Bernie Torme’s Russian Hippies – Stairways, Birkenhead

Bernie Torme used to be a guitar hero during his days as a member of Gillan. Remember?

No, that’s the problem isn’t it? Nobody bloody remembers any more, except Bernie himself. Not that he rams it down your throat when you chat to him or during his stage banter. No, rememberance comes when he makes that guitar squeal for its life before bombing your brains with yet another storming riff, After 30 seconds in a concert hall with Bernie Torme you very quickly get your memory back.

And you not only get to respect the man’s playing but you’ve got to applaud his suss in picking the musicians that surround him. Looking more street-cred that the whole of the LA-Guns-n’-Pussycat scene put together, the Russian Hippies are more than capable of standing right up there with the hero.

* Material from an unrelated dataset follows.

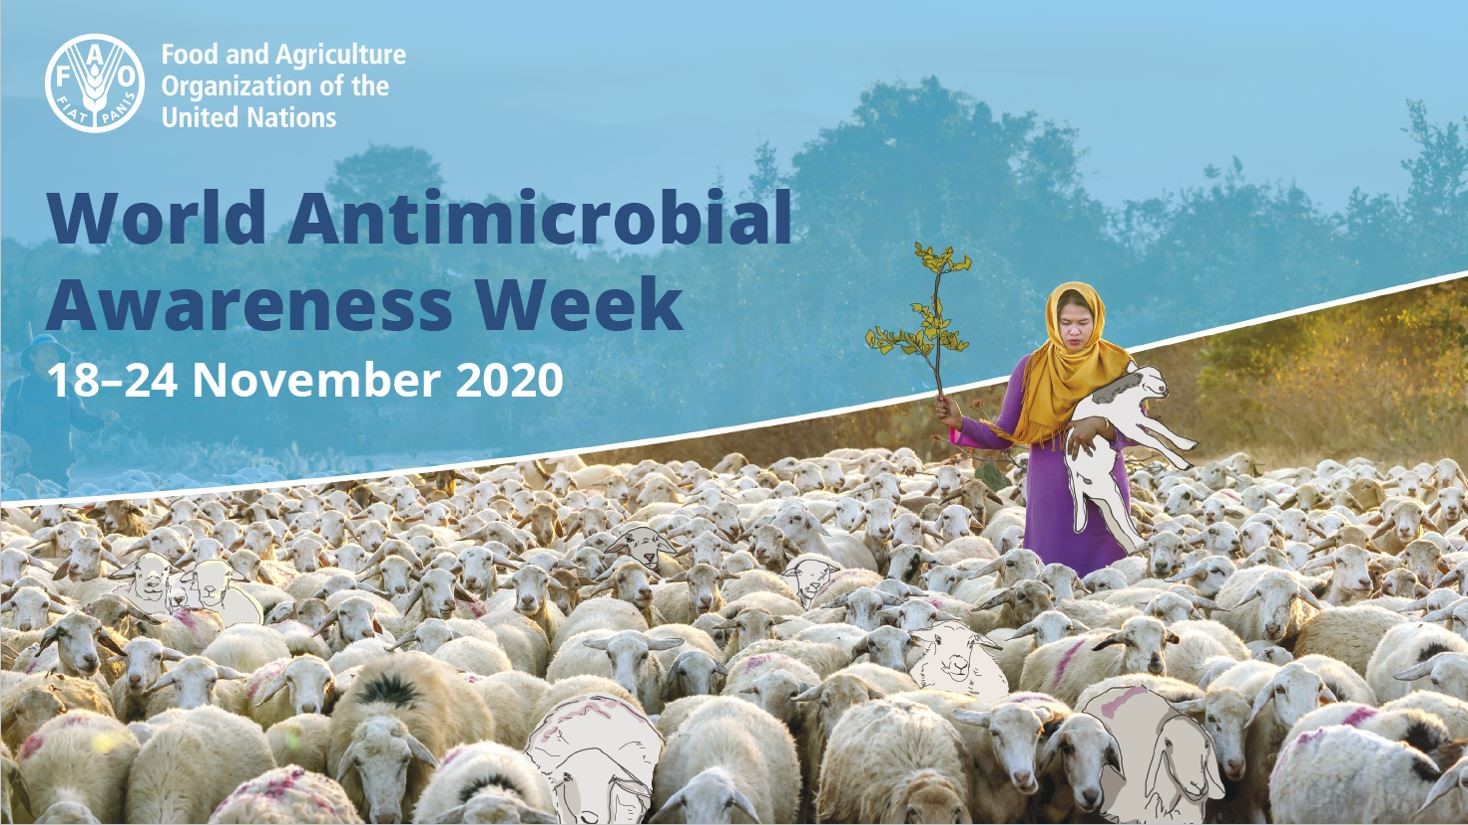 World Antimicrobial Awareness Week 2020 Sounding the alarm that AMR is

Vocalist Gary Owen really impresses. He’s got a voice that can hold its own with the best LA can offer, and he’s got the looks, the pout and the stage presence that the likes of a Soho Rose would simply kill for. The rhythm section is a bit hot too: knowing each other inside out, having backed Beki

Bondage in recent times, bassist Marc Russell and skinner Ben Bennett never put a foot wrong. Good stuff.

But this is Torme’s band and the man delivers. Chopping and changing his riffs while controlling that famed feedback solo technique, he looks perhaps a little too old for the image but it doesn’t detract from the fun he’s having.

It’s a long time since I’ve seen a bloke grin so much on stage. Come to that, it’s a long time since I’ve grinned so much whilst watching a band. I’m a cynical bugger with a make-me-dance-if-you-dare attitude but I didn’t stand a cat in Hell’s chance of remaining static.

Highlights? Well, all of it really. If I’ve got to single out some toonz I’d go for ‘Boys Want Action’ and ‘Do You Wanna Be A Star’. Then again, the real highlight of the night was when the bloke down the front in the Whitesnake T-shirt joined in for the chorus of ‘Baby Was A Vampire’ and, right on cue. promptly had a nosebleed.